Part of it is instantaneous respect. Cremins has a Final Four berth (1990), three ACC tournament titles (1985, '90, '93) and six league Coach of the Year honors -- three at Tech and three from his days at Appalachian State (1975-81). He has helped 21 players get to the NBA.
Those are hefty numbers in a league that was stuck in basketball's shadows until Steph Curry came around.
"He's been through everything," said Charleston senior guard Tony White Jr. "His résumé says it all. You'd be foolish not to listen to him."
Next, Cremins would like to add a page to his résumé.
Charleston hasn't been to the NCAA tournament since 1999, but the Cougars got teasingly close last season. In the league tourney, they eliminated the team that owned the league (Davidson) and the player Cremins called "our rock star" (Curry).
But in the final, Charleston couldn't complete a furious second-half rally on Chattanooga's home court and ended up in the College Basketball Invitational (CBI) instead.

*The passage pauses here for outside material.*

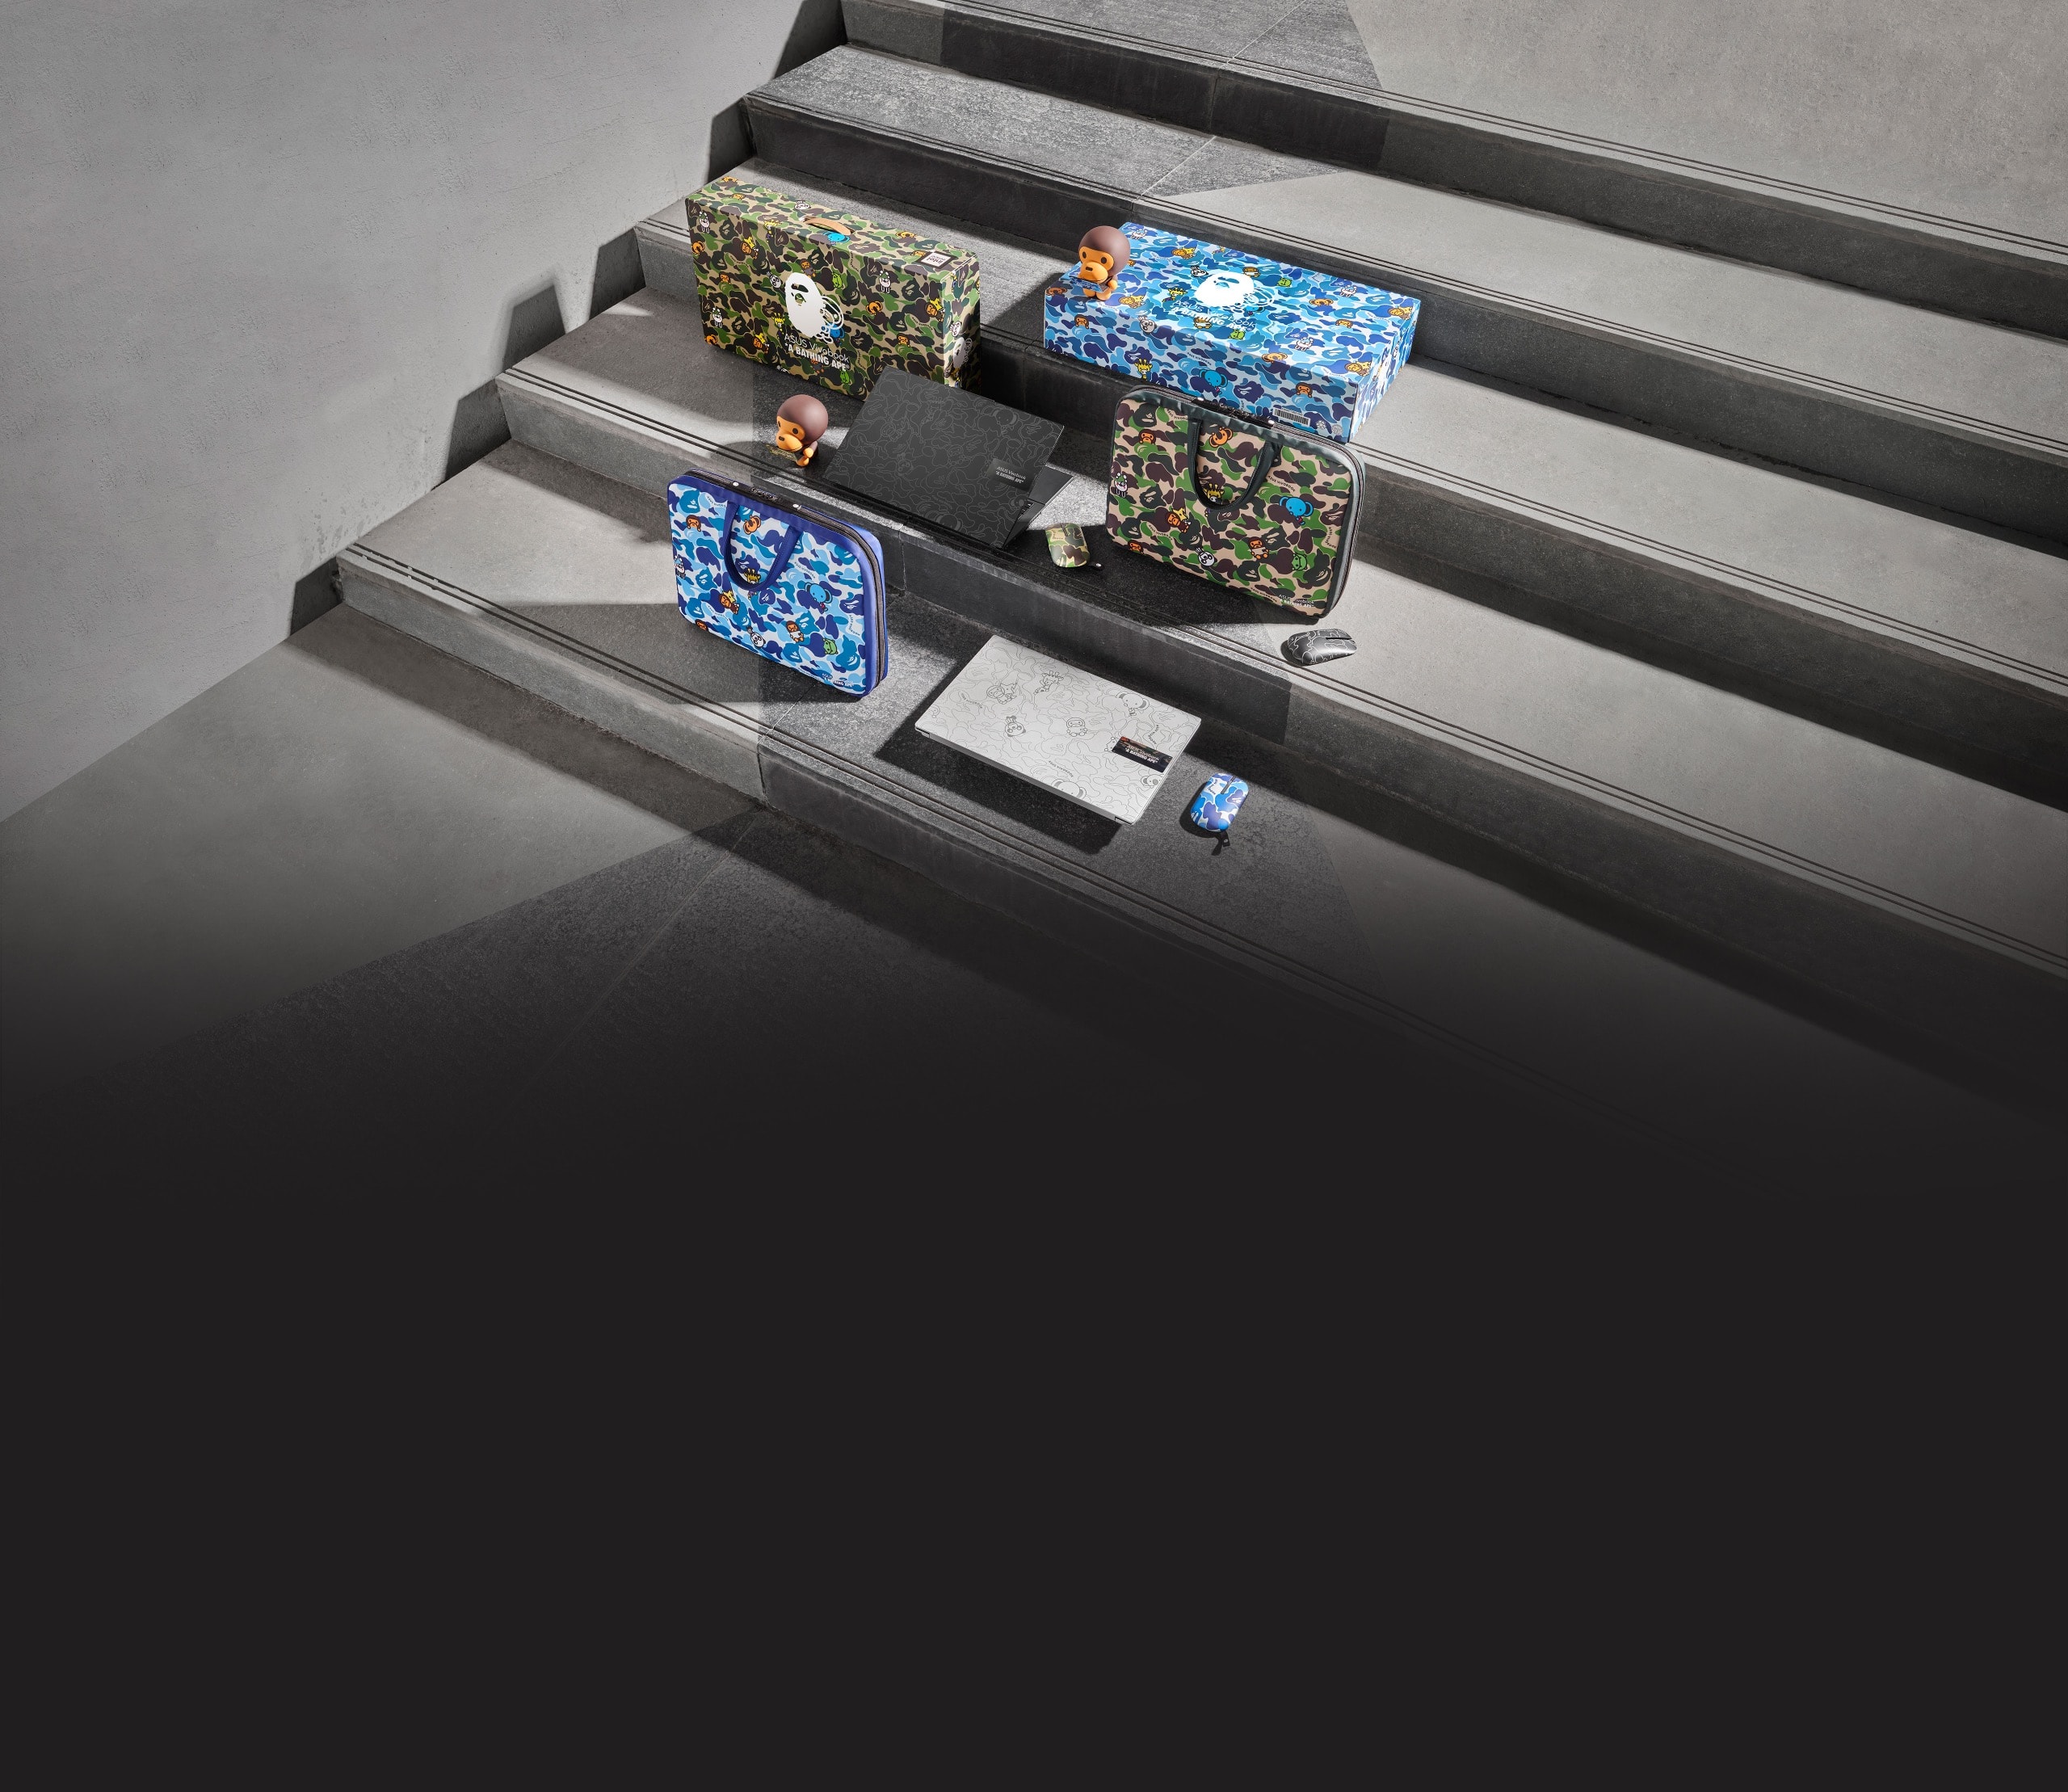 На серых ступеньках показаны комплекты Vivobook BAPE Edition синего и зеленого цветов, включающие в себя ноутбуки, мышки, сумки и подарочные коробки

Now with Curry gone and the entire SoCon spying light inside the door frame for the first time in ages, Charleston is trying to elbow its way to the front of the line.
With Goudelock, a preseason conference player of the year candidate and the team's leading scorer last season, and White Jr., a 1,000-point scorer who started all 36 games a year ago, they have a good start. Mix in junior forward Jeremy Simmons and Florida State transfer Casaan Breeden (a one-time South Carolina player of the year), and the Cougars have that heady mix of experience and talent.
"It's crazy, it's been so long since we've been in the tournament," Goudelock said. "We talk about that so much. We had a big opportunity to do it last year and didn't capitalize on it. This year it's all about redeeming ourselves."
Not for the head coach.
For him, it's all about rejuvenating himself.